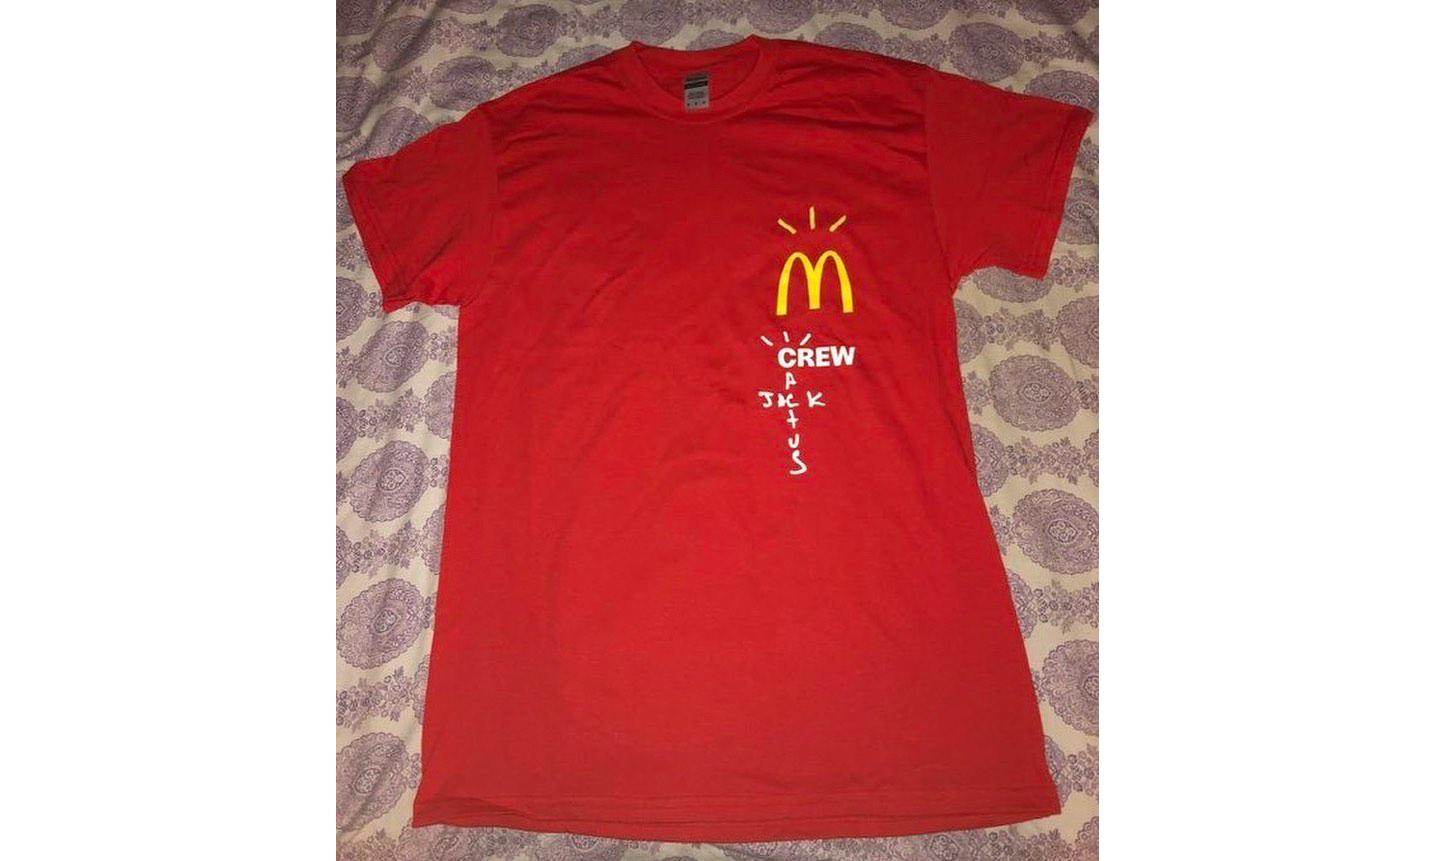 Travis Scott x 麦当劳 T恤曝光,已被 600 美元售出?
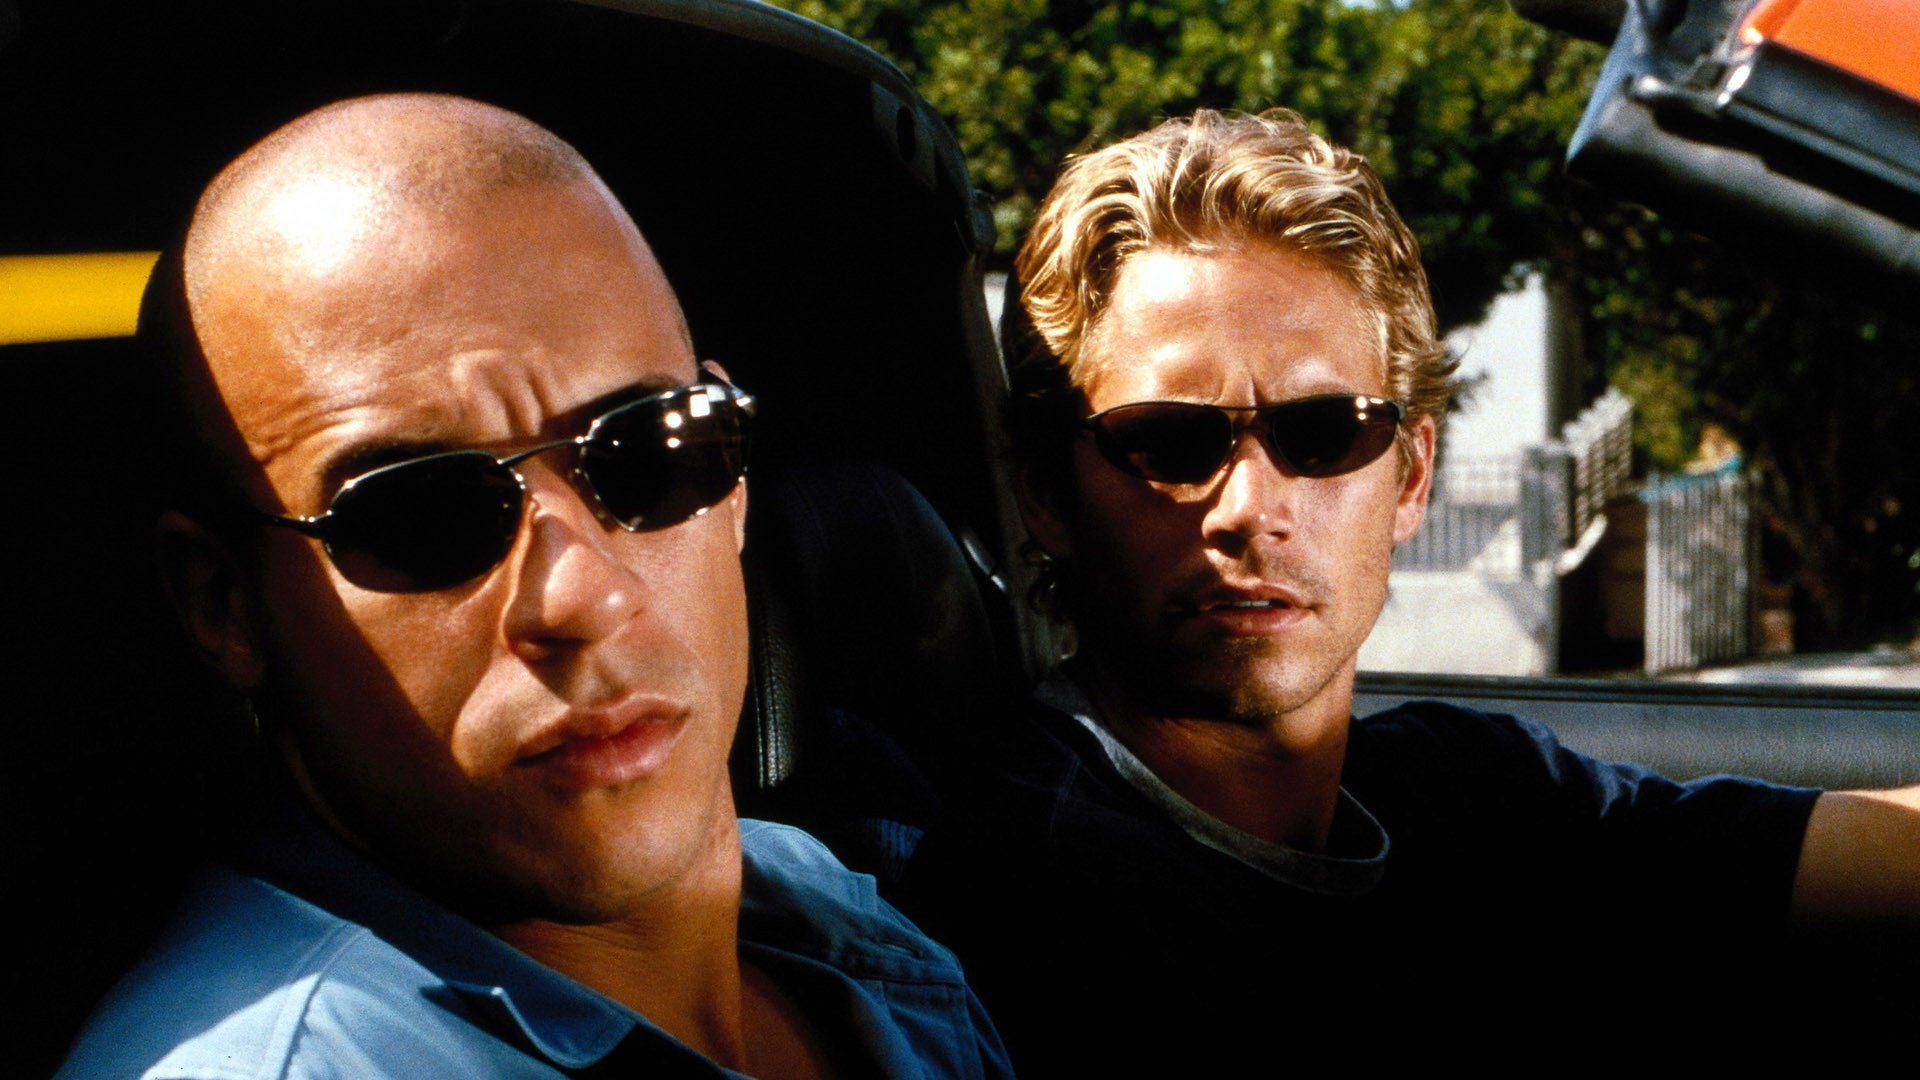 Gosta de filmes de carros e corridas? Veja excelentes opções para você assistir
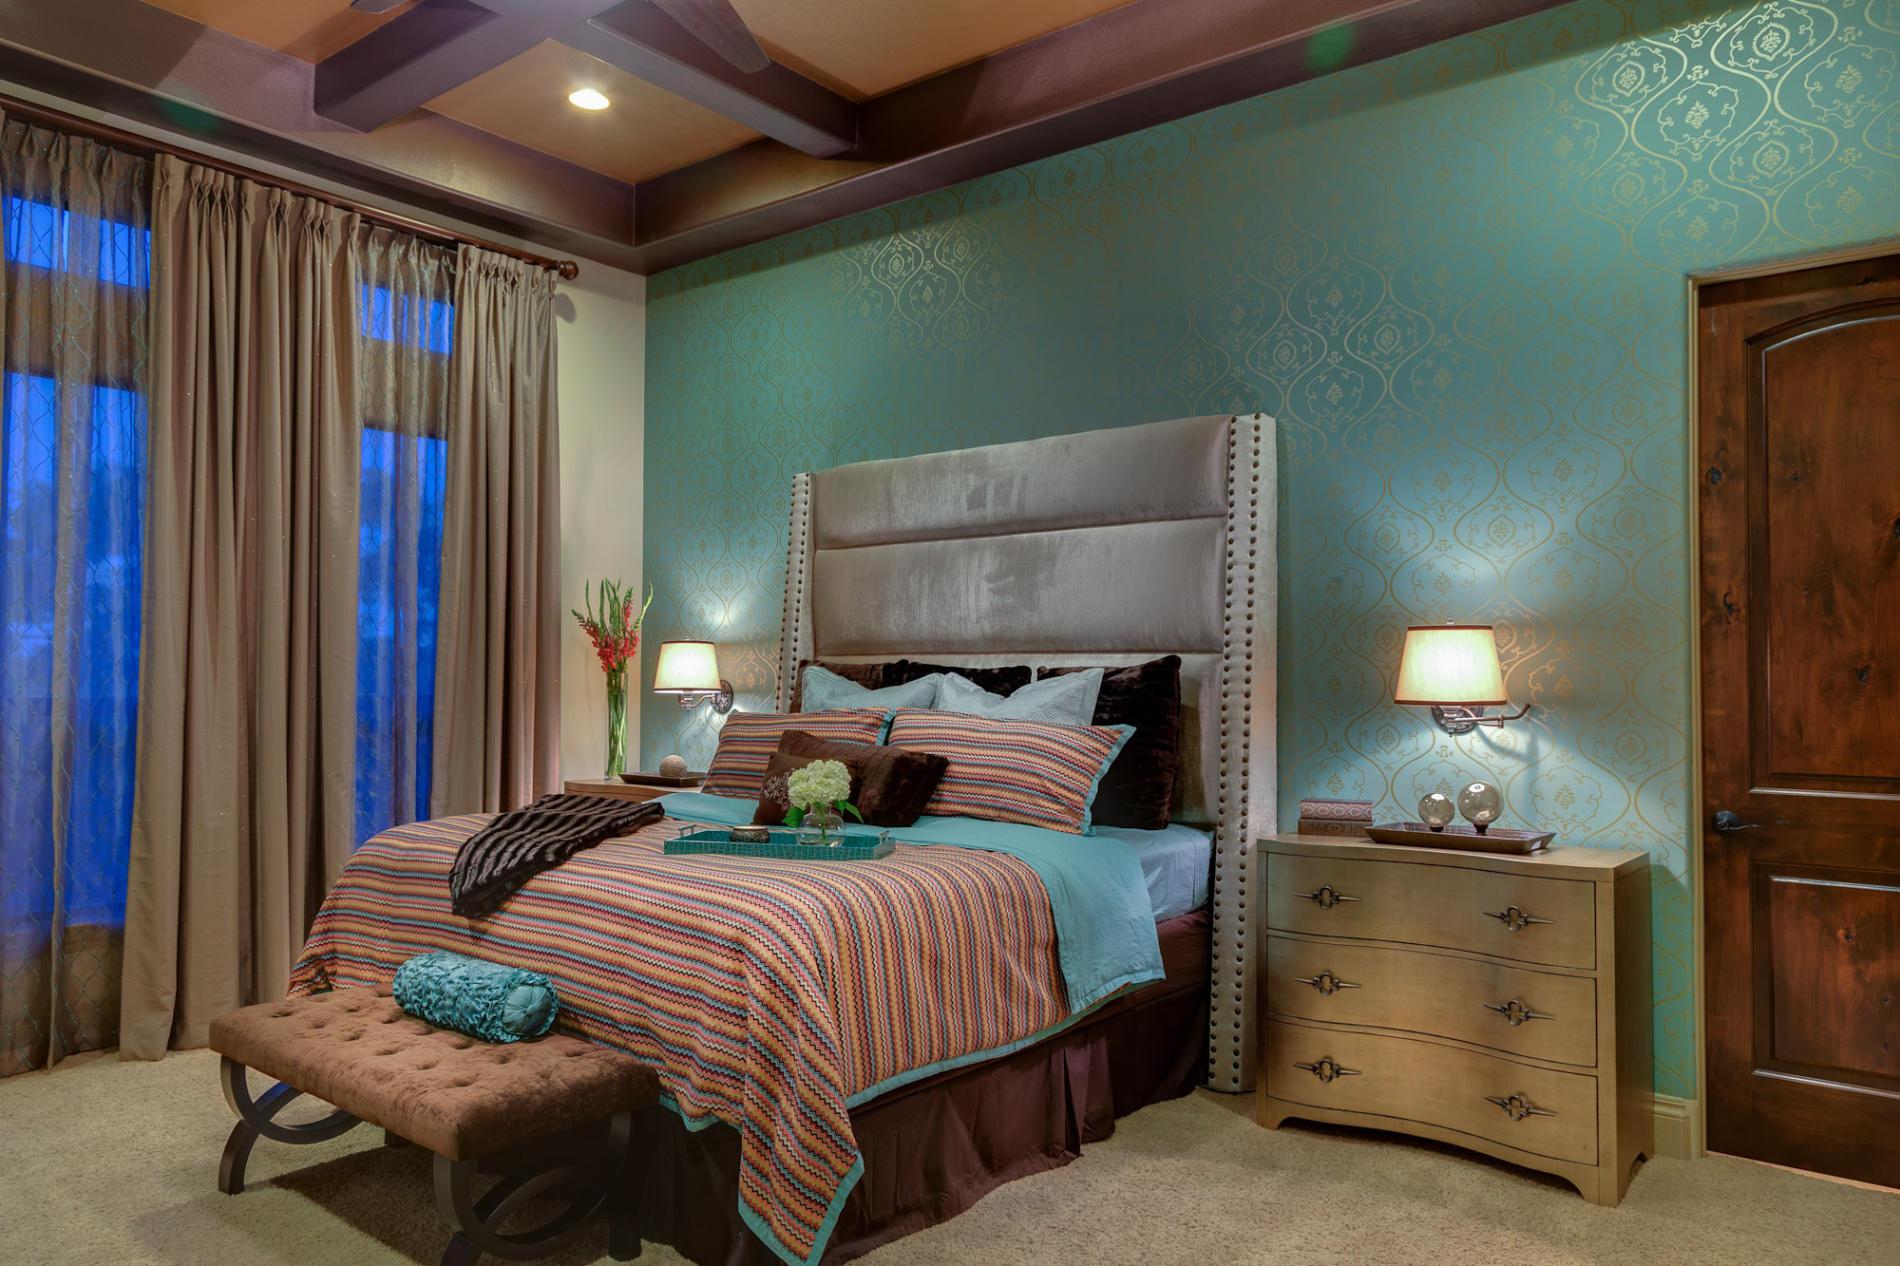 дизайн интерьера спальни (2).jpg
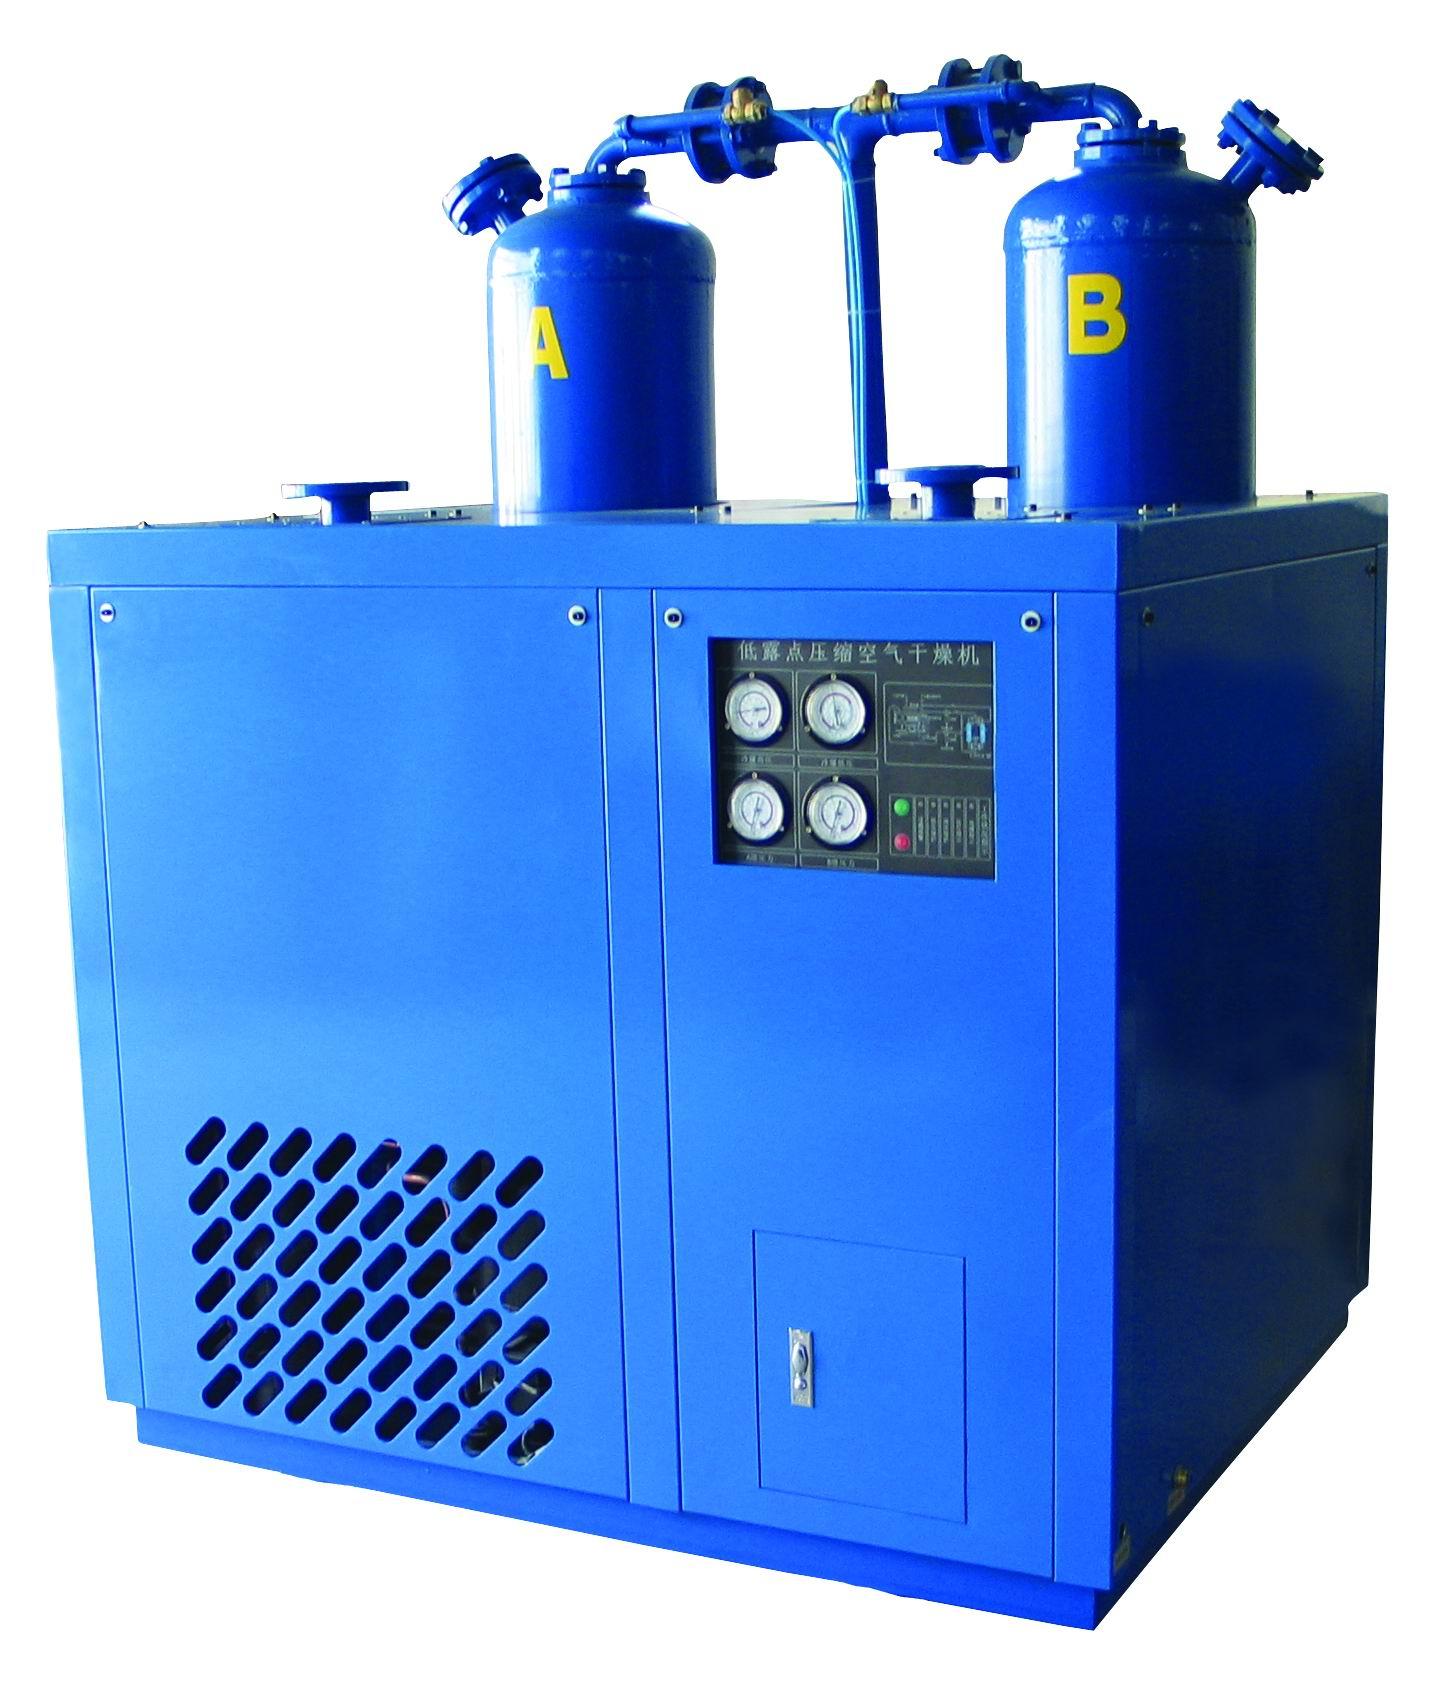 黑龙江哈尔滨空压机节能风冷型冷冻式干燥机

================================

Restate the whole listing above exactly, except for its images.

 Travis Scott x 麦当劳 T恤曝光,已被 600 美元售出?
 Gosta de filmes de carros e corridas? Veja excelentes opções para você assistir
 дизайн интерьера спальни (2).jpg
 黑龙江哈尔滨空压机节能风冷型冷冻式干燥机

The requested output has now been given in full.